Income of academics.
Mean | Std. Dev. | 5% | 50% | 95% | |
---|---|---|---|---|---|
Sum of income (HUF) | 386,984.3 | 185,974.7 | 175,500 | 325,500 | 800,000 |
Share of income from main job (%) | 66.53 | 32.78 | 0 | 75 | 100 |
Income from main job (HUF) | 256,155.8 | 169,540.9 | 0 | 225,500 | 600,400 |
Share of income from grants, scholarships, private business (%) | 15.37 | 24.15 | 0 | 0 | 70 |
Income from grants, scholarships, private business (HUF) | 62,005.3 | 104,956.2 | 0 | 3,255 | 275,500 |
Share of income from secondary jobs (%) | 8.69 | 16.83 | 0 | 0 | 48 |
Income from secondary jobs (HUF) | 40,630.5 | 88,399.72 | 0 | 0 | 225,250 |
To take horizontal segregation into account, we calculated the proportion of women by scientific field using the public listings of the members of the public body of the Hungarian Academy by scientific fields, which are available on the Academy's website. Thus, it reflects the gender ratio of all academics, not just young ones. The results are displayed in Table 4, where significant horizontal segregation can be observed.
Share of female academics in scientific fields.

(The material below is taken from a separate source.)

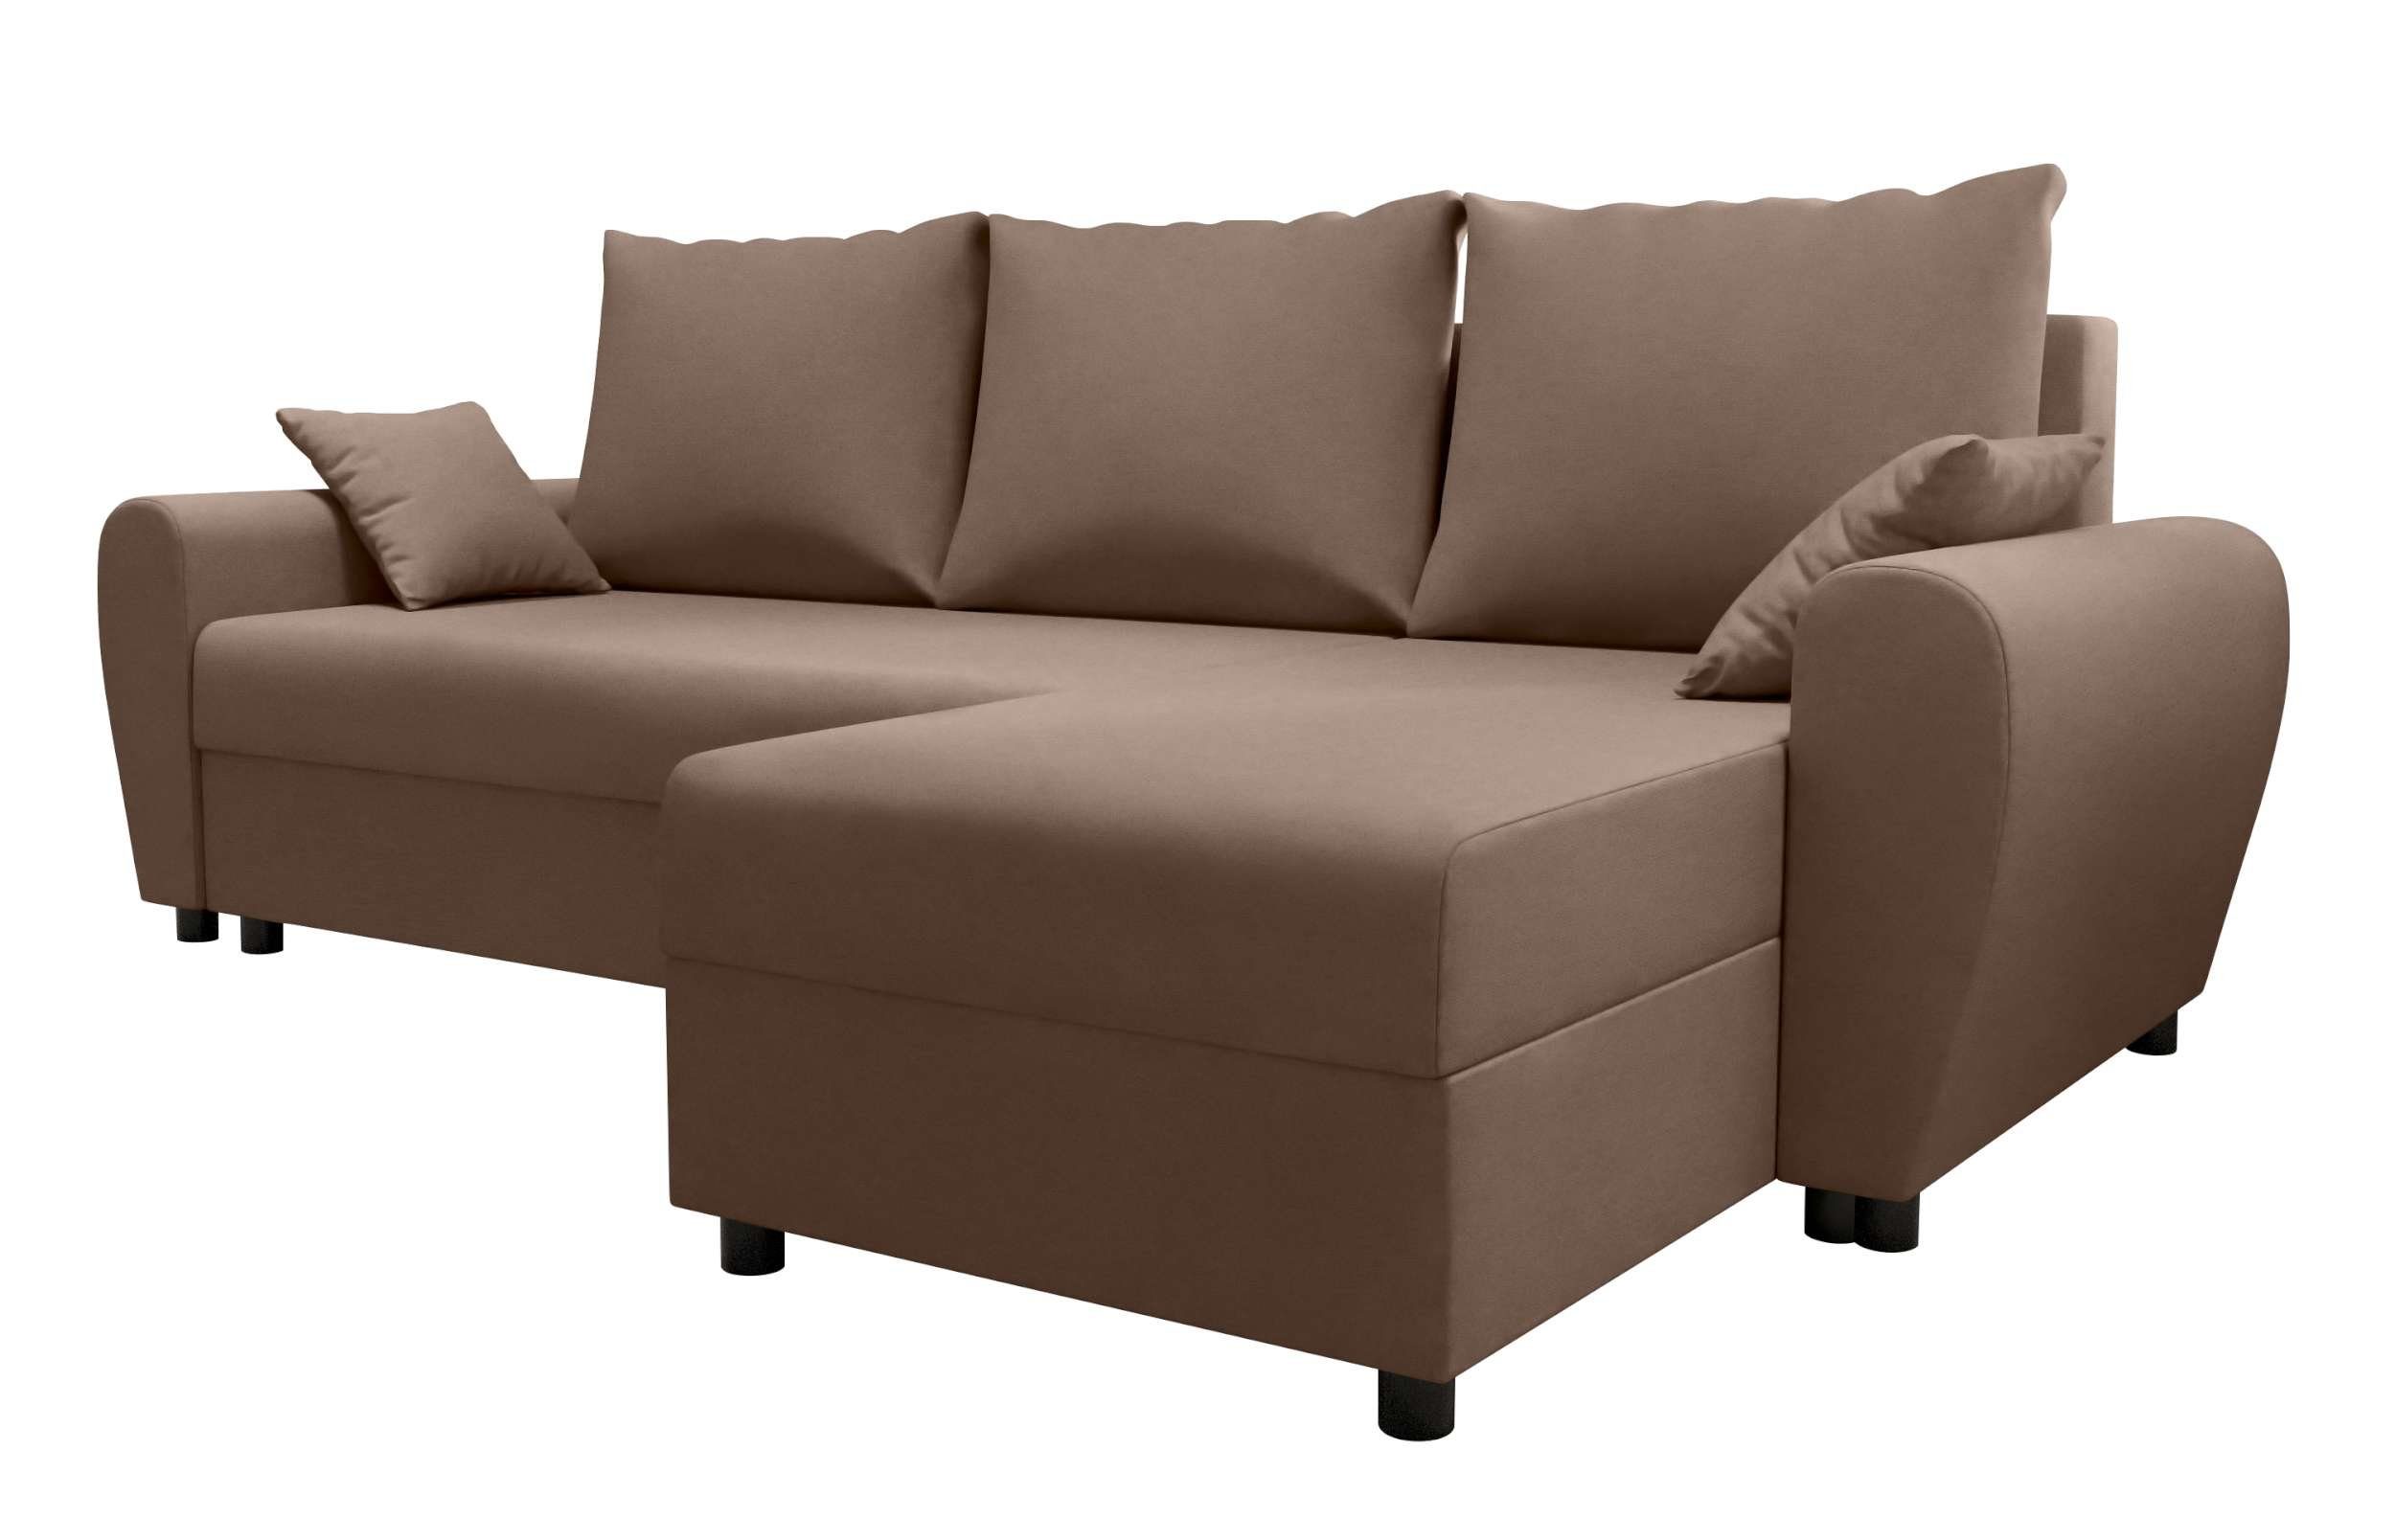 Stylefy Ecksofa Melina, Modern Design mit L-Form, Sitzkomfort, mit Sofa, Eckcouch, Bettkasten, Bettfunktion

Linguistics and Literature | 52% |
Philosophy and History | 42% |
Mathematics | 18% |
Agriculture | 31% |
Medical Sciences | 31% |
Engineering | 13% |
Chemistry | 34% |
Biology | 37% |
Economics and Law | 33% |
Earth Sciences | 27% |
Physics | 14% |
Statistical methodology
To assess the gender wage gap, we analysed wage regressions. These were linear regression models with income as the dependent variable and the characteristics of the individuals and the jobs as independent variables. Once the regressions include key characteristics of the jobs and individuals, the coefficients of the ‘gender’ variable signify the estimated wage gap between men and women who are similar in terms of the control variables included.
These control variables included academic rank, as in most cases, the base income of Hungarian academics is determined by rank. In addition, an indicator for being in a leader or manager position was added, as these roles are reflected in the wages. Age was also included in the model, which we measured on a category scale with five-year intervals. Workplace type was an indicator variable for whether the respondents worked at a research institute or at a university. The location of the workplace indicated whether the respondents worked in the capital or in another town. The normalised citation index was included as a control variable for scientific success, and dummy variables on the scientific field were included to control wage differences between fields. In addition, variables reflecting the number of jobs held, the number of hours worked and the type of job, whether part-time or full-time, were included in the different models.
To assess the hypotheses, we specified the models as follows: First, to establish a baseline model that assesses the gender wage gap, we specified a wage regression with total income as the dependent variable and gender and the above control variables as independent variables. To test Hypothesis 1, we examine two elements of income separately: income from the main job and income from grants, scholarships and private business. We ran the wage regressions separately on these dependent variables with the appropriate controls and compared the wage gap indicated by the coefficient of the gender variable.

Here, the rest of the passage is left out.